Wednesday, January 25, 2012

A few things...

1) Not weighing in every morning feels SO weird. But I think it's going to be a good thing for me to take the focus off that and stop thinking when I had a bad day and then lose weight the next morning that I can keep having bad days because it doesn't matter, or when I have a good day and see a gain the next day, that it's just not worth it because it doesn't work. Of course, this means I won't know where I'm at until Sunday.

2) I'm still fighting with that feeling of guilt when I "skip" a workout. Last night I didn't go to Zumba because my foot and back were hurting, causing my head to hurt. I figured if I really wanted to I could Zumba here at home. Instead I came home, cooked a healthy dinner, and then fell asleep almost immediately on the couch. For a minute I felt guilty...and then I realized that I must have needed the sleep.

3) Did you hear that?
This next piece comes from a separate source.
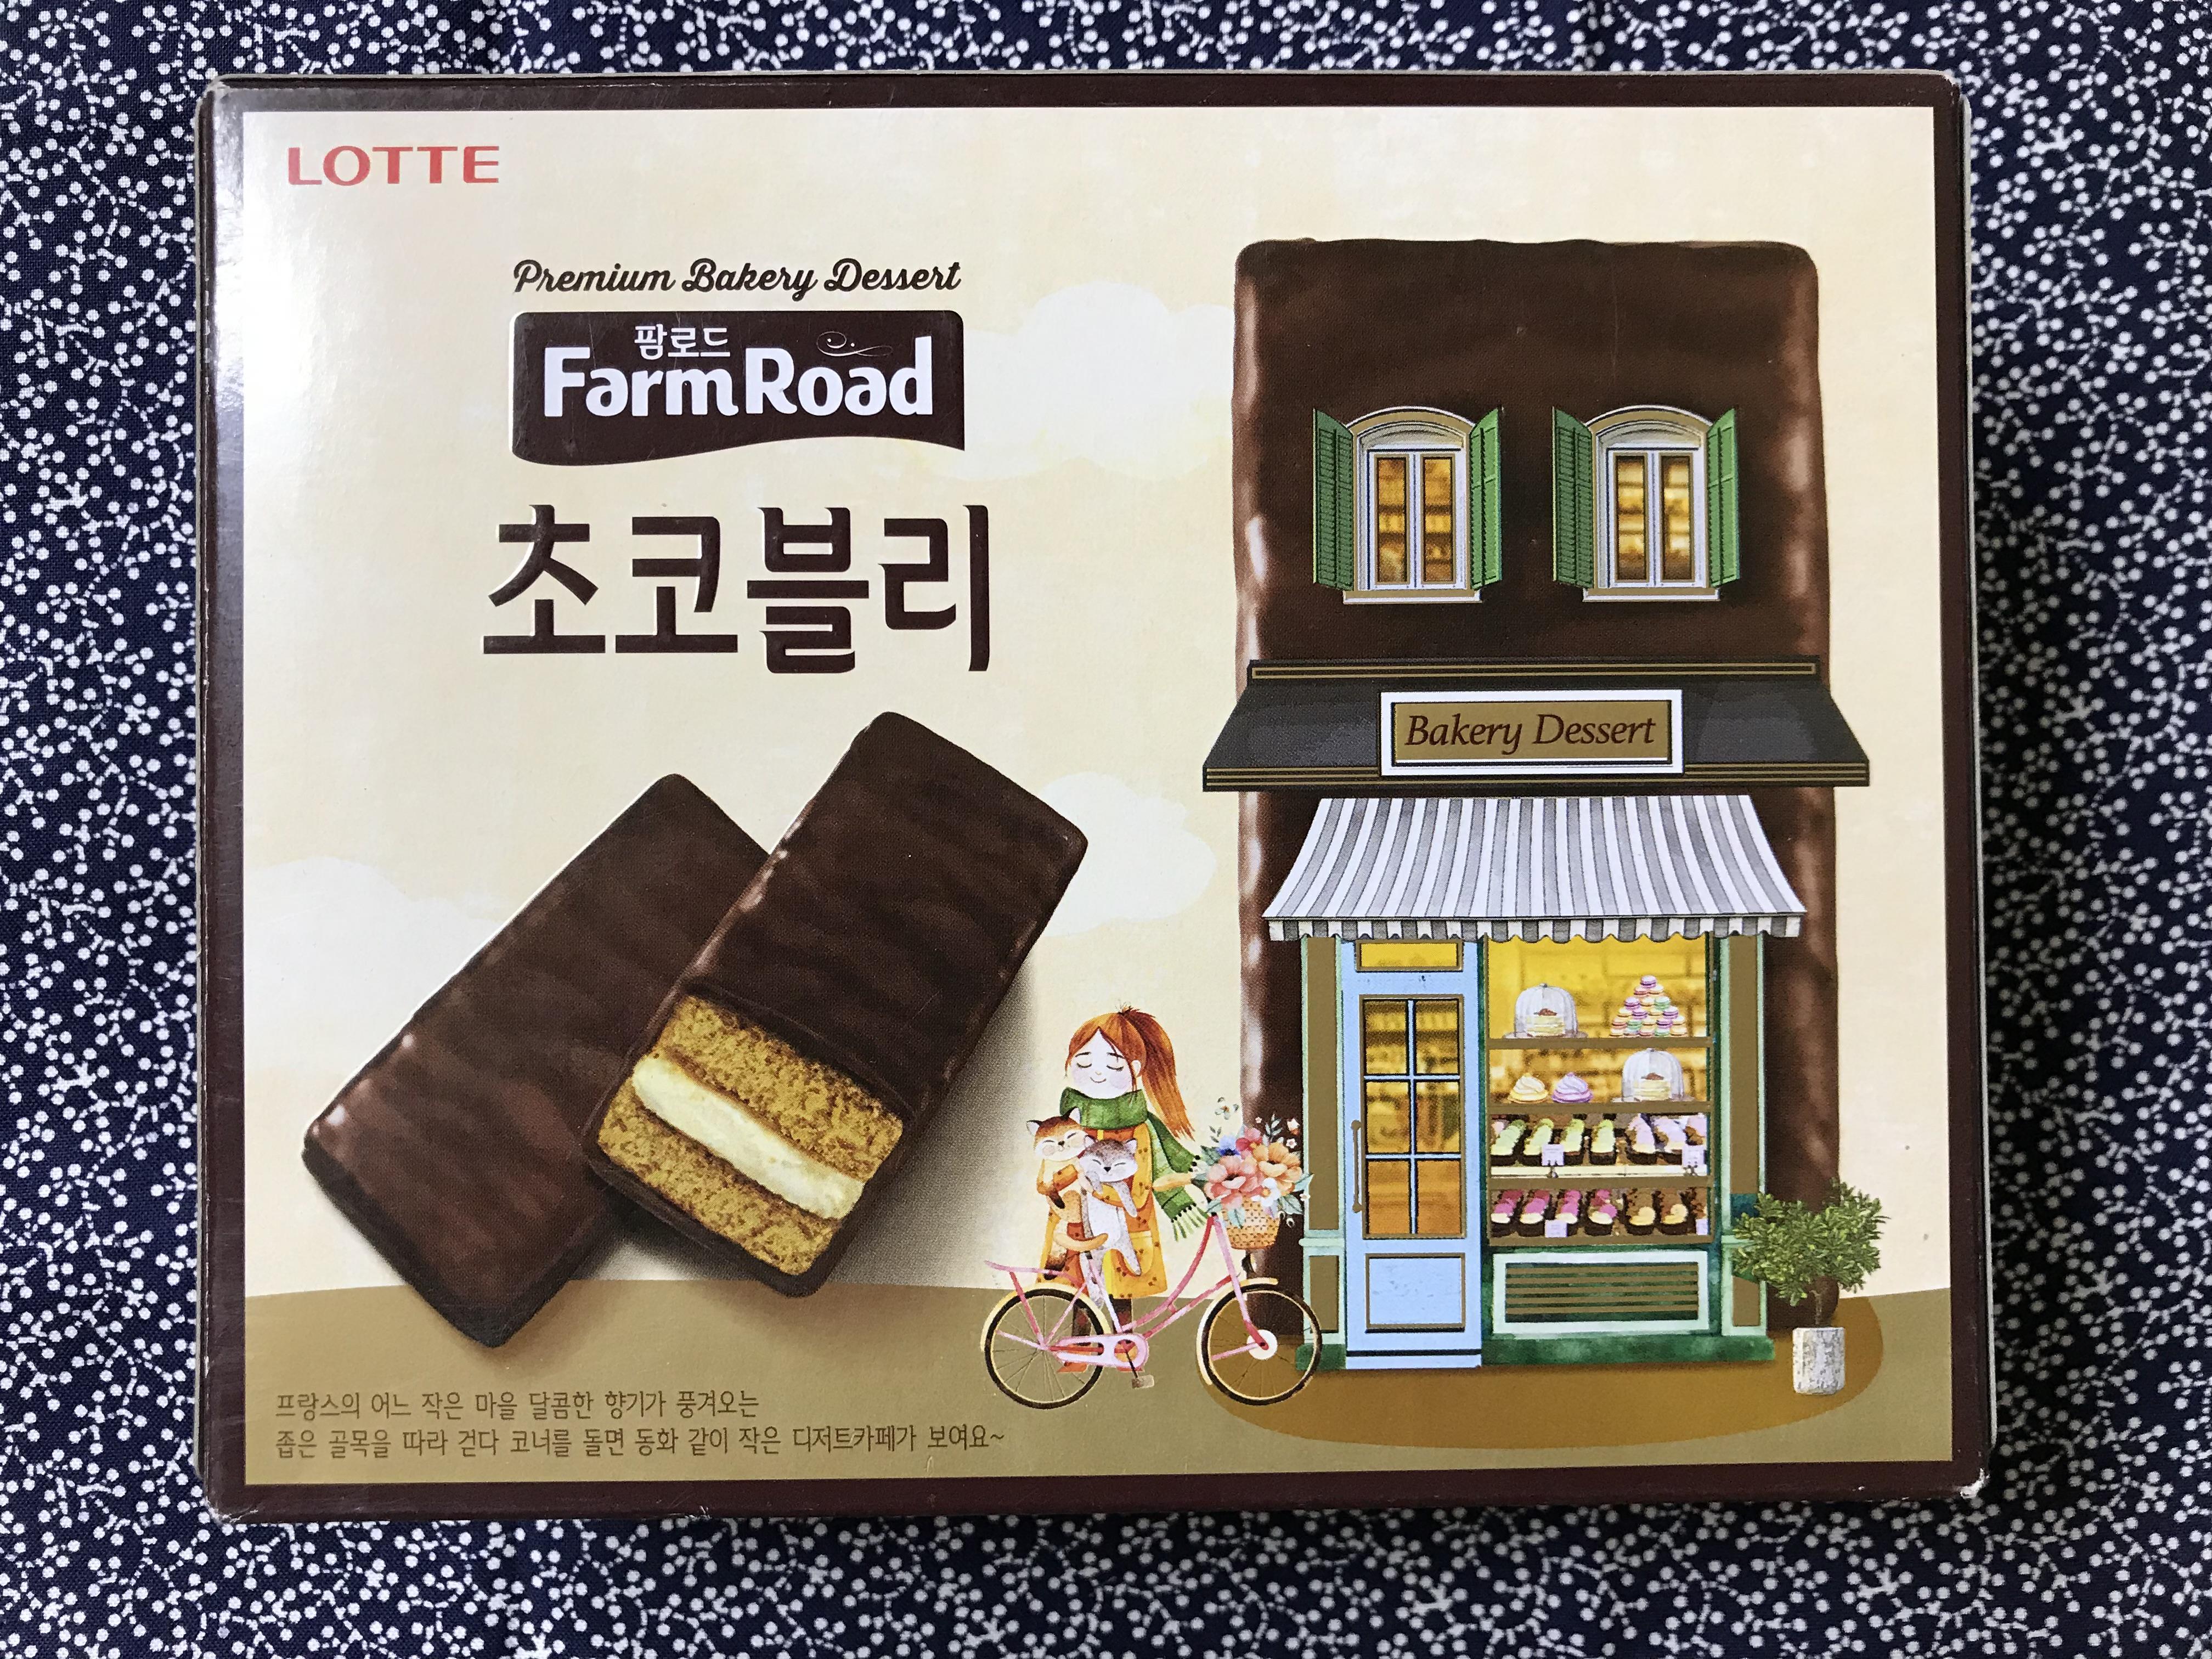 부드럽고 달달한 커피맛 초코케이크, [LOTTE..

I cooked a healthy dinner at home last night. I grabbed some chicken, green and red peppers and onions, spiced them and cooked them in some olive oil then added 1/2 a package of fajita seasoning to that. Cooked a side of Steak Fajita rice and then grabbed some low sodium black beans and stewed tomatoes to go with it. Heated up some whole grain tortillas to make some "Chicken Fajita Tacos" of some sort. NOM!
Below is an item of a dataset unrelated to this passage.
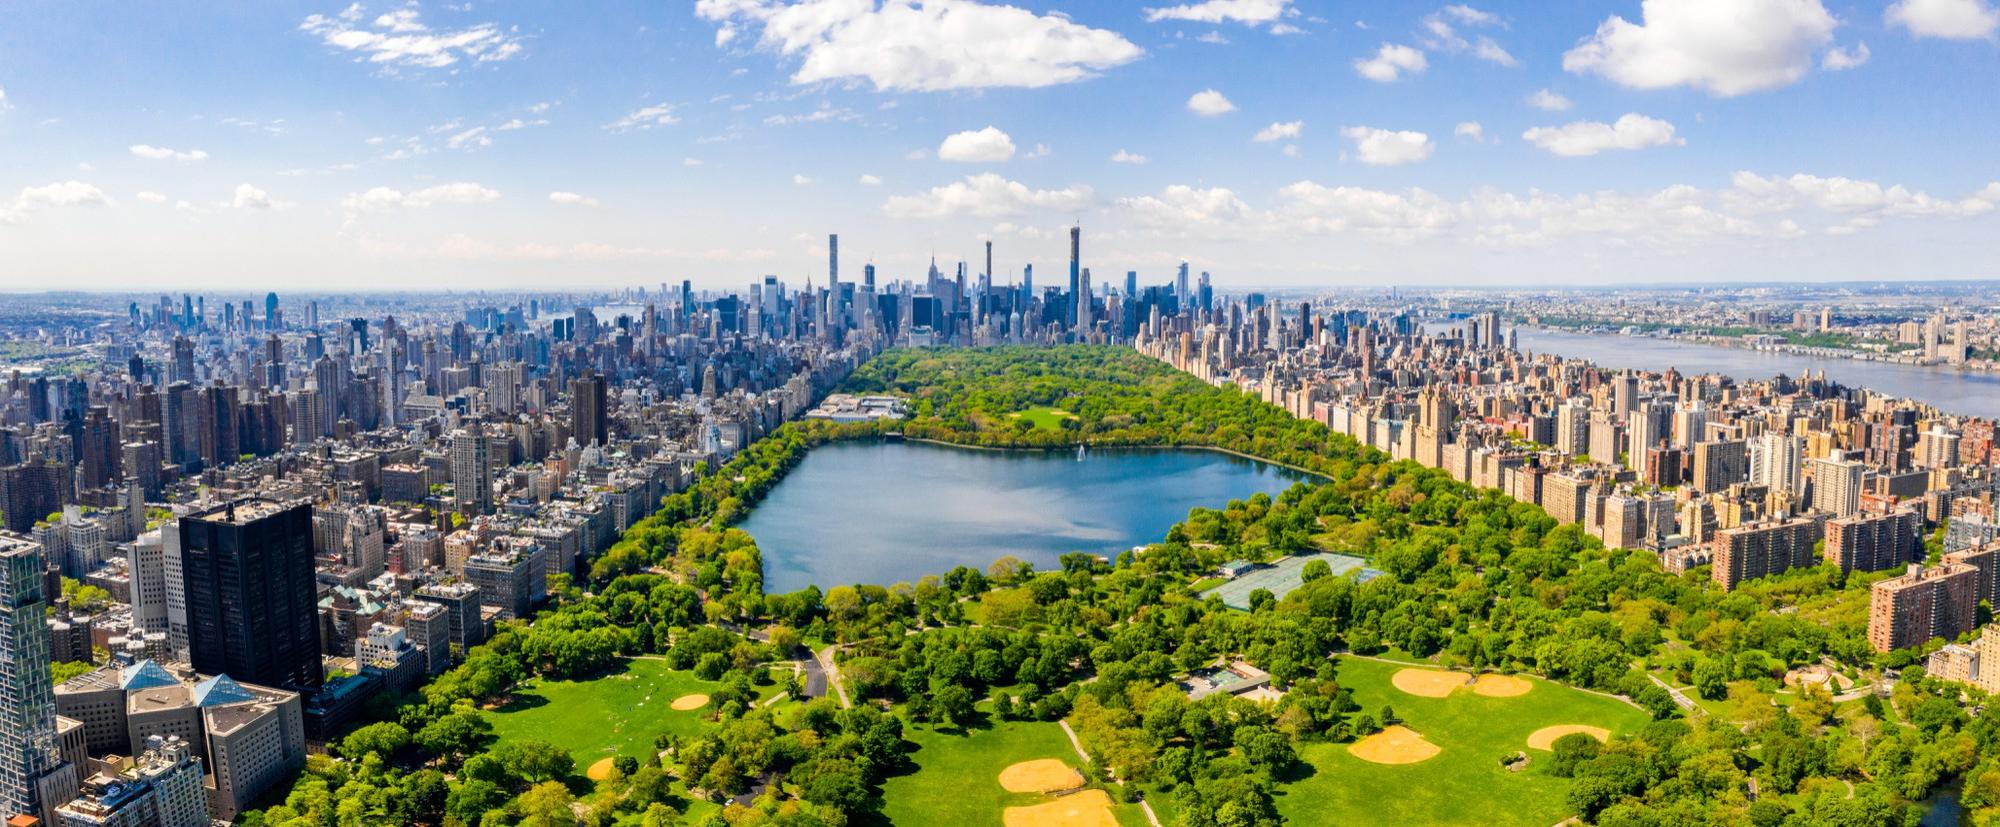 aerial-shot-central-park-manhattan-new-york-city-usa

4) Had to take off work today. Ethan is top in his math class and was selected to participate in a county-wide "Math Field Day" at the middle school this morning. For me this means 1) more time with my boys, 2) pride in my youngest, 3) the entire day to get to the gym! *lol*

5) Money is super tight right now, which means getting creative when it comes to healthy. Of course, that made for a lovely dinner last night. Tonight I'm making up turkey meatballs to go with some whole wheat spaghetti.

6) Monday night I did work out. I didn't do my scheduled workout, but I'm trying to be okay with doing what I could/wanted to. I took the puppy up to the park with Ethan and we walked/ran .85 miles. Felt good to run. Hurt the next day, though. *sigh* I miss it.

7) Getting a Runner's mag in the mail yesterday nearly made me cry. I hate that my running future has been put on hold but I hold tight to the idea that I AM a runner, just one who can't run right now. One day. One day it will work for me.

Hope you all are having a great week!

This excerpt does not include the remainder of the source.